When buying a new house many buyers take comfort in that if there are defects then the building warranty they receive will protect them from the costs of correcting the defects and making good any damage caused.
However, what buyers think they are covered for and what they are actually covered for can differ. Unfortunately this was the case for husband and wife Simon and Sian Thomas who bought a pair of adjacent new-build properties on a Taylor Wimpey development in Bridgend.
Each property came with the benefit of a NHBC 10-year Buildmark warranty. These are well known in the building industry and some view them as the gold standard for such warranties. When the long retaining walls at the rear of the back gardens failed, the buyer naturally made a claim under their NHBC warranties – only to find out that cover was refused. Unsurprisingly, with remedial costs estimated to be £200,000, the dispute progressed to litigation in the Technology & Construction Court.
Simon Thomas (2) Sian Thomas v (1) Taylor Wimpey Developments Limited (2) National House Building Council (3) Gordon A. Battrick & Co. Solicitors  EWHC 1134 (TCC). [The overall claim included a claim against the conveyancing solicitor but that did not form part of the preliminary issues.]
The case against Taylor Wimpey was (among other things) that, as the party responsible for the construction of the properties, it owed a duty arising both out of common law and under the Defective Premises Act 1972. Under common law, Mr & Mrs Thomas’ representatives claimed that Taylor Wimpey’s duty of care was to take all reasonable skill and care in the construction of the properties to ensure that, when constructed, they were fit for purpose. Also they claimed under the 1972 Act that Taylor Wimpey had a duty to see its work was done in a workmanlike and professional manner with proper materials so that the dwellings would be fit for habitation when completed.

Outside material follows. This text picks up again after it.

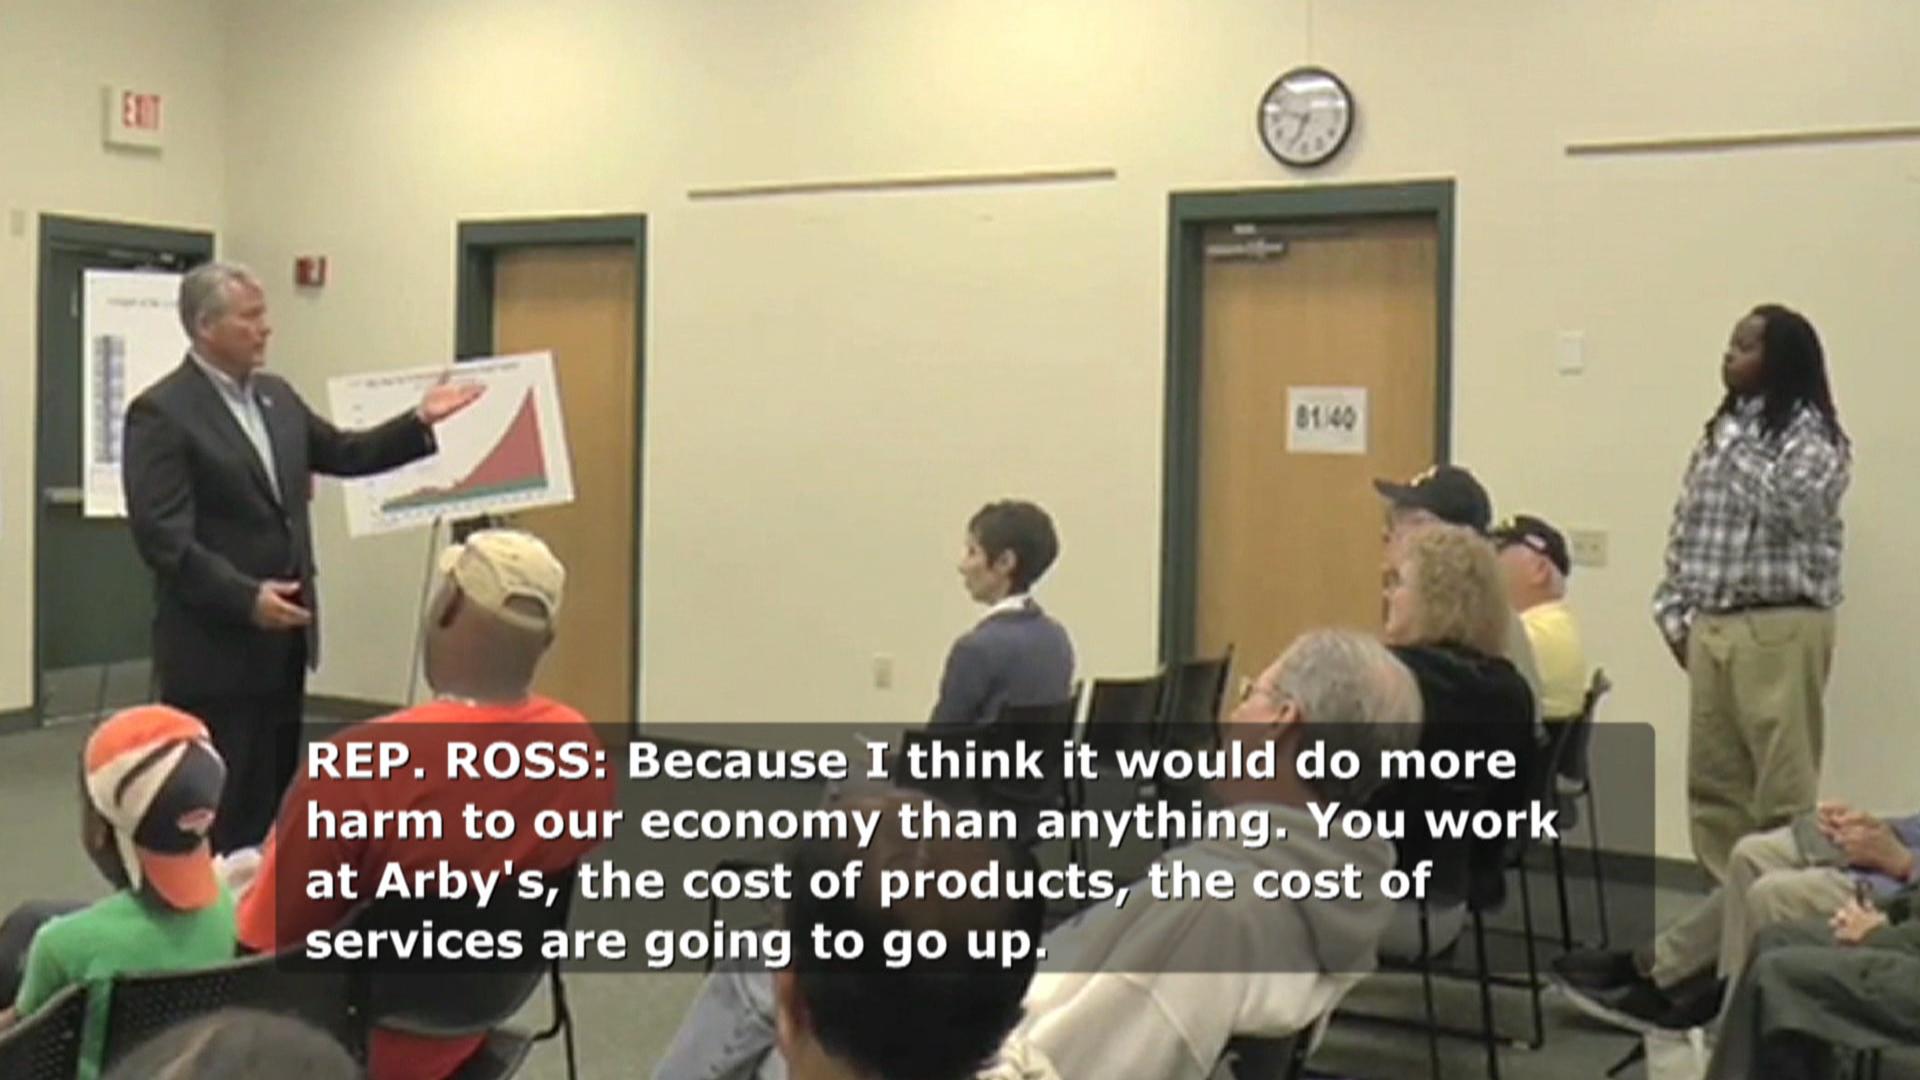 Low-wage worker confronts GOP congressman

The claim against the NHBC was that the defects in the retaining walls were within the scope of cover under the Buildmark warranty. First, that it fell within the section covering the cost of remedying damage caused by a defect in, amongst other things “Retaining walls necessary for the structural stability of the house...” Secondly, they claimed that the defect also fell within the section of the warranty that covers the cost of repairs needed “where there is a present or imminent danger to the physical health and safety of the occupants of the Home because the Home does not comply with the Building Regulations that applied to the work at the time…..”.
In a trial of preliminary issues, on the basis of assuming the facts to be true, the court found that Taylor Wimpey did not owe the buyers a duty of care not to cause them the loss and damage (in the tort of negligence). This was on the grounds that the claim was simply for the cost of full remediation or the amount of diminution in the value of the properties and was not related to the cost of obviating the risk of injury to persons on adjacent land. The losses claimed were pure economic loss and accordingly the court found they were not recoverable. As for the claim under the 1972 Act, the court found that the action was commenced too late and was statute barred.
NHBC in its defence claimed that the garden retaining walls were not necessary for the structural stability of the properties and that the walls were not subject to building regulations. The court found that the question turned on the function of the walls and with the benefit of expert evidence, concluded that the householders had failed to prove the garden retaining walls were necessary for the structural stability of the properties. The court also found that the walls were not subject to building regulations.
The overall result of the trial of preliminary issues was not kind to the claimants and brings to mind the phrase ‘always read the small print’.